• RECORDS SHOWN

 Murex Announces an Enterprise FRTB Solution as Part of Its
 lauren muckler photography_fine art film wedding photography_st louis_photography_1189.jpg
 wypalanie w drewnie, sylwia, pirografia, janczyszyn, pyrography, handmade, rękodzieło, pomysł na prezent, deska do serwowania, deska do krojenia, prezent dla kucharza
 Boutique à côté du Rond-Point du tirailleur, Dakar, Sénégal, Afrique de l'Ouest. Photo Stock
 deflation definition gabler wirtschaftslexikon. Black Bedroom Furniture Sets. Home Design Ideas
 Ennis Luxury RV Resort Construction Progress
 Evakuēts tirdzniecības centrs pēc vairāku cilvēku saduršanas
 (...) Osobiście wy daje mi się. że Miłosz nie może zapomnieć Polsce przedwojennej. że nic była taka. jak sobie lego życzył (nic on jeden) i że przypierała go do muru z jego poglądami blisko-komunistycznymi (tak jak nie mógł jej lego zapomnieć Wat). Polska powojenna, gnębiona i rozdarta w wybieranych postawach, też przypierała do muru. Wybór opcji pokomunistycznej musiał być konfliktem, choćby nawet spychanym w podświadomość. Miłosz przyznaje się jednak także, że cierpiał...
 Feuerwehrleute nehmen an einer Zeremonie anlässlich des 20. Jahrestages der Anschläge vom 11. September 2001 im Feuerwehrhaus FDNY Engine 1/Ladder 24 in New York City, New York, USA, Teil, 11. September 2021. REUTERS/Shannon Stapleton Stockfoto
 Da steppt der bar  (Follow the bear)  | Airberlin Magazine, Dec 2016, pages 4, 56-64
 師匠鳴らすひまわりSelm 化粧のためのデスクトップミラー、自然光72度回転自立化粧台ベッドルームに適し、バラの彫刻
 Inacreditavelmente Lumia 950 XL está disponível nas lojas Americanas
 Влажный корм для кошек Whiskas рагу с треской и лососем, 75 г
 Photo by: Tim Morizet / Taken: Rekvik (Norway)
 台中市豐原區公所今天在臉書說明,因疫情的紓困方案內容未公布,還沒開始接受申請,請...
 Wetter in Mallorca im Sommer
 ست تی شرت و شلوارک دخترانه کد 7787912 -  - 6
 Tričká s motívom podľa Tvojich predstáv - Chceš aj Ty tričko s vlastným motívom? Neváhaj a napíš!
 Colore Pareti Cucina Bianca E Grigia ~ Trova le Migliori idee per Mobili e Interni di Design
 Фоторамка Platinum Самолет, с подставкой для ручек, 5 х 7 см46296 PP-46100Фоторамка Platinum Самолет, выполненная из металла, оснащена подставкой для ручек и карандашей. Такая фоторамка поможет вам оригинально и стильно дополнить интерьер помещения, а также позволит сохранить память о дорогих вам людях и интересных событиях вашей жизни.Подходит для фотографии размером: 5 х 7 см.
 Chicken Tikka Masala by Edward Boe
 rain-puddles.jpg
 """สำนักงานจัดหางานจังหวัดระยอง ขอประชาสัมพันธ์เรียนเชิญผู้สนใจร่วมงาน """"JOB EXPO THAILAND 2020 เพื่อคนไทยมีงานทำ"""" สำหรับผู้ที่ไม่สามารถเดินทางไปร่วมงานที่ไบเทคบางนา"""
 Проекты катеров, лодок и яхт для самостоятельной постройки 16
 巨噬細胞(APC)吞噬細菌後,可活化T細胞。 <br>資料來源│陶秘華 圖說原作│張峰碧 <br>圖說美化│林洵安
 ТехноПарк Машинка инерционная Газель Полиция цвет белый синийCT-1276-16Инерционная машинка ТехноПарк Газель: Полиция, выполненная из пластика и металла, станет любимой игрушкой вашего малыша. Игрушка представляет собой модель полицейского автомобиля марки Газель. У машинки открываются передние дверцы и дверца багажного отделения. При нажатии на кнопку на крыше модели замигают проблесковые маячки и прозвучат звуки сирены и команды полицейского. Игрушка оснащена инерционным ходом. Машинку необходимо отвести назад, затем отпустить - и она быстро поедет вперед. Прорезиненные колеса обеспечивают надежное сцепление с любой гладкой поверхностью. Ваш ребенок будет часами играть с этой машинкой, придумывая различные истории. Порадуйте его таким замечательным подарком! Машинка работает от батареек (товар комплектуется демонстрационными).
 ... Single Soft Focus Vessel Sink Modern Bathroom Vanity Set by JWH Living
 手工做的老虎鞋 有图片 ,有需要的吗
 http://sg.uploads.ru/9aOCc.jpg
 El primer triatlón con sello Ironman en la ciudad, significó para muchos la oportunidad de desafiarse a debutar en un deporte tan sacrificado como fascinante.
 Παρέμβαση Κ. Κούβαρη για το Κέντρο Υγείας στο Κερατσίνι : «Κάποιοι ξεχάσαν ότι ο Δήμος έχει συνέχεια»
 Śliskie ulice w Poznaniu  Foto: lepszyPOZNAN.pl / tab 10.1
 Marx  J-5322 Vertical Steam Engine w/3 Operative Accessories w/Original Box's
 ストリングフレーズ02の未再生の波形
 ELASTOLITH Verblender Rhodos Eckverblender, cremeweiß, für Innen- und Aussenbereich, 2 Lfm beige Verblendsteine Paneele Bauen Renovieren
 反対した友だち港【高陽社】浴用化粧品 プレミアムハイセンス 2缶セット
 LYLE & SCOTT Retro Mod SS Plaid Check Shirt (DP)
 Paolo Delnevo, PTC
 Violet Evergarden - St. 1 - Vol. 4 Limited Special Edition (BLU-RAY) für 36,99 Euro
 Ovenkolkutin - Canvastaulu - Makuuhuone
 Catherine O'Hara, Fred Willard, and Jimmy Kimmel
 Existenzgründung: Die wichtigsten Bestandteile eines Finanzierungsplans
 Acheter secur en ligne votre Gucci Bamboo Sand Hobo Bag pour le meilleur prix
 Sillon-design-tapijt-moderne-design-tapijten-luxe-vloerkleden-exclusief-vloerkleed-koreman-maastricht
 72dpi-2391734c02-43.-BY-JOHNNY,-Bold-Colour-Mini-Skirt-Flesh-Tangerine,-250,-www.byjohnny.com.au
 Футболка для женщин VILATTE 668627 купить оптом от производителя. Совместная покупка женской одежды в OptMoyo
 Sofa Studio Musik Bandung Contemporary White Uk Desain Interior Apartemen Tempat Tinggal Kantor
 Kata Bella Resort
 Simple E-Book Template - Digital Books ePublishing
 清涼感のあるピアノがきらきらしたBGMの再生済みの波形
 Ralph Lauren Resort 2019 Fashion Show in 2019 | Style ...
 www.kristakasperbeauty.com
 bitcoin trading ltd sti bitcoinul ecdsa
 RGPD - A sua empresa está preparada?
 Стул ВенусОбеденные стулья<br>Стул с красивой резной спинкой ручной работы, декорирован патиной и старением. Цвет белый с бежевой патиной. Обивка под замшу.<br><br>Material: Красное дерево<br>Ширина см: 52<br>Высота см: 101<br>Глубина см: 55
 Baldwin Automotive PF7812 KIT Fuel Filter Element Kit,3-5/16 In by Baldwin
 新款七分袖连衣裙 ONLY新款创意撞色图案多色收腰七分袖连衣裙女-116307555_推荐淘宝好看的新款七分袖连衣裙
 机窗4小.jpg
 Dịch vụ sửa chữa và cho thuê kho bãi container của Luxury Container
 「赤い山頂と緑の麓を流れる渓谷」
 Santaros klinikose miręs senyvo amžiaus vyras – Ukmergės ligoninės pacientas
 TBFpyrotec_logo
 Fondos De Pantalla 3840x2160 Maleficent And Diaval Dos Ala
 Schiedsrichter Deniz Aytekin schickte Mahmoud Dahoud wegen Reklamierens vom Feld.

• PROBLEM TO WORK ON
Write the listing out once more, keeping each word as it is.

• WRITTEN RESPONSE
 Murex Announces an Enterprise FRTB Solution as Part of Its
 lauren muckler photography_fine art film wedding photography_st louis_photography_1189.jpg
 wypalanie w drewnie, sylwia, pirografia, janczyszyn, pyrography, handmade, rękodzieło, pomysł na prezent, deska do serwowania, deska do krojenia, prezent dla kucharza
 Boutique à côté du Rond-Point du tirailleur, Dakar, Sénégal, Afrique de l'Ouest. Photo Stock
 deflation definition gabler wirtschaftslexikon. Black Bedroom Furniture Sets. Home Design Ideas
 Ennis Luxury RV Resort Construction Progress
 Evakuēts tirdzniecības centrs pēc vairāku cilvēku saduršanas
 (...) Osobiście wy daje mi się. że Miłosz nie może zapomnieć Polsce przedwojennej. że nic była taka. jak sobie lego życzył (nic on jeden) i że przypierała go do muru z jego poglądami blisko-komunistycznymi (tak jak nie mógł jej lego zapomnieć Wat). Polska powojenna, gnębiona i rozdarta w wybieranych postawach, też przypierała do muru. Wybór opcji pokomunistycznej musiał być konfliktem, choćby nawet spychanym w podświadomość. Miłosz przyznaje się jednak także, że cierpiał...
 Feuerwehrleute nehmen an einer Zeremonie anlässlich des 20. Jahrestages der Anschläge vom 11. September 2001 im Feuerwehrhaus FDNY Engine 1/Ladder 24 in New York City, New York, USA, Teil, 11. September 2021. REUTERS/Shannon Stapleton Stockfoto
 Da steppt der bar  (Follow the bear)  | Airberlin Magazine, Dec 2016, pages 4, 56-64
 師匠鳴らすひまわりSelm 化粧のためのデスクトップミラー、自然光72度回転自立化粧台ベッドルームに適し、バラの彫刻
 Inacreditavelmente Lumia 950 XL está disponível nas lojas Americanas
 Влажный корм для кошек Whiskas рагу с треской и лососем, 75 г
 Photo by: Tim Morizet / Taken: Rekvik (Norway)
 台中市豐原區公所今天在臉書說明,因疫情的紓困方案內容未公布,還沒開始接受申請,請...
 Wetter in Mallorca im Sommer
 ست تی شرت و شلوارک دخترانه کد 7787912 -  - 6
 Tričká s motívom podľa Tvojich predstáv - Chceš aj Ty tričko s vlastným motívom? Neváhaj a napíš!
 Colore Pareti Cucina Bianca E Grigia ~ Trova le Migliori idee per Mobili e Interni di Design
 Фоторамка Platinum Самолет, с подставкой для ручек, 5 х 7 см46296 PP-46100Фоторамка Platinum Самолет, выполненная из металла, оснащена подставкой для ручек и карандашей. Такая фоторамка поможет вам оригинально и стильно дополнить интерьер помещения, а также позволит сохранить память о дорогих вам людях и интересных событиях вашей жизни.Подходит для фотографии размером: 5 х 7 см.
 Chicken Tikka Masala by Edward Boe
 rain-puddles.jpg
 """สำนักงานจัดหางานจังหวัดระยอง ขอประชาสัมพันธ์เรียนเชิญผู้สนใจร่วมงาน """"JOB EXPO THAILAND 2020 เพื่อคนไทยมีงานทำ"""" สำหรับผู้ที่ไม่สามารถเดินทางไปร่วมงานที่ไบเทคบางนา"""
 Проекты катеров, лодок и яхт для самостоятельной постройки 16
 巨噬細胞(APC)吞噬細菌後,可活化T細胞。 <br>資料來源│陶秘華 圖說原作│張峰碧 <br>圖說美化│林洵安
 ТехноПарк Машинка инерционная Газель Полиция цвет белый синийCT-1276-16Инерционная машинка ТехноПарк Газель: Полиция, выполненная из пластика и металла, станет любимой игрушкой вашего малыша. Игрушка представляет собой модель полицейского автомобиля марки Газель. У машинки открываются передние дверцы и дверца багажного отделения. При нажатии на кнопку на крыше модели замигают проблесковые маячки и прозвучат звуки сирены и команды полицейского. Игрушка оснащена инерционным ходом. Машинку необходимо отвести назад, затем отпустить - и она быстро поедет вперед. Прорезиненные колеса обеспечивают надежное сцепление с любой гладкой поверхностью. Ваш ребенок будет часами играть с этой машинкой, придумывая различные истории. Порадуйте его таким замечательным подарком! Машинка работает от батареек (товар комплектуется демонстрационными).
 ... Single Soft Focus Vessel Sink Modern Bathroom Vanity Set by JWH Living
 手工做的老虎鞋 有图片 ,有需要的吗
 http://sg.uploads.ru/9aOCc.jpg
 El primer triatlón con sello Ironman en la ciudad, significó para muchos la oportunidad de desafiarse a debutar en un deporte tan sacrificado como fascinante.
 Παρέμβαση Κ. Κούβαρη για το Κέντρο Υγείας στο Κερατσίνι : «Κάποιοι ξεχάσαν ότι ο Δήμος έχει συνέχεια»
 Śliskie ulice w Poznaniu  Foto: lepszyPOZNAN.pl / tab 10.1
 Marx  J-5322 Vertical Steam Engine w/3 Operative Accessories w/Original Box's
 ストリングフレーズ02の未再生の波形
 ELASTOLITH Verblender Rhodos Eckverblender, cremeweiß, für Innen- und Aussenbereich, 2 Lfm beige Verblendsteine Paneele Bauen Renovieren
 反対した友だち港【高陽社】浴用化粧品 プレミアムハイセンス 2缶セット
 LYLE & SCOTT Retro Mod SS Plaid Check Shirt (DP)
 Paolo Delnevo, PTC
 Violet Evergarden - St. 1 - Vol. 4 Limited Special Edition (BLU-RAY) für 36,99 Euro
 Ovenkolkutin - Canvastaulu - Makuuhuone
 Catherine O'Hara, Fred Willard, and Jimmy Kimmel
 Existenzgründung: Die wichtigsten Bestandteile eines Finanzierungsplans
 Acheter secur en ligne votre Gucci Bamboo Sand Hobo Bag pour le meilleur prix
 Sillon-design-tapijt-moderne-design-tapijten-luxe-vloerkleden-exclusief-vloerkleed-koreman-maastricht
 72dpi-2391734c02-43.-BY-JOHNNY,-Bold-Colour-Mini-Skirt-Flesh-Tangerine,-250,-www.byjohnny.com.au
 Футболка для женщин VILATTE 668627 купить оптом от производителя. Совместная покупка женской одежды в OptMoyo
 Sofa Studio Musik Bandung Contemporary White Uk Desain Interior Apartemen Tempat Tinggal Kantor
 Kata Bella Resort
 Simple E-Book Template - Digital Books ePublishing
 清涼感のあるピアノがきらきらしたBGMの再生済みの波形
 Ralph Lauren Resort 2019 Fashion Show in 2019 | Style ...
 www.kristakasperbeauty.com
 bitcoin trading ltd sti bitcoinul ecdsa
 RGPD - A sua empresa está preparada?
 Стул ВенусОбеденные стулья<br>Стул с красивой резной спинкой ручной работы, декорирован патиной и старением. Цвет белый с бежевой патиной. Обивка под замшу.<br><br>Material: Красное дерево<br>Ширина см: 52<br>Высота см: 101<br>Глубина см: 55
 Baldwin Automotive PF7812 KIT Fuel Filter Element Kit,3-5/16 In by Baldwin
 新款七分袖连衣裙 ONLY新款创意撞色图案多色收腰七分袖连衣裙女-116307555_推荐淘宝好看的新款七分袖连衣裙
 机窗4小.jpg
 Dịch vụ sửa chữa và cho thuê kho bãi container của Luxury Container
 「赤い山頂と緑の麓を流れる渓谷」
 Santaros klinikose miręs senyvo amžiaus vyras – Ukmergės ligoninės pacientas
 TBFpyrotec_logo
 Fondos De Pantalla 3840x2160 Maleficent And Diaval Dos Ala
 Schiedsrichter Deniz Aytekin schickte Mahmoud Dahoud wegen Reklamierens vom Feld.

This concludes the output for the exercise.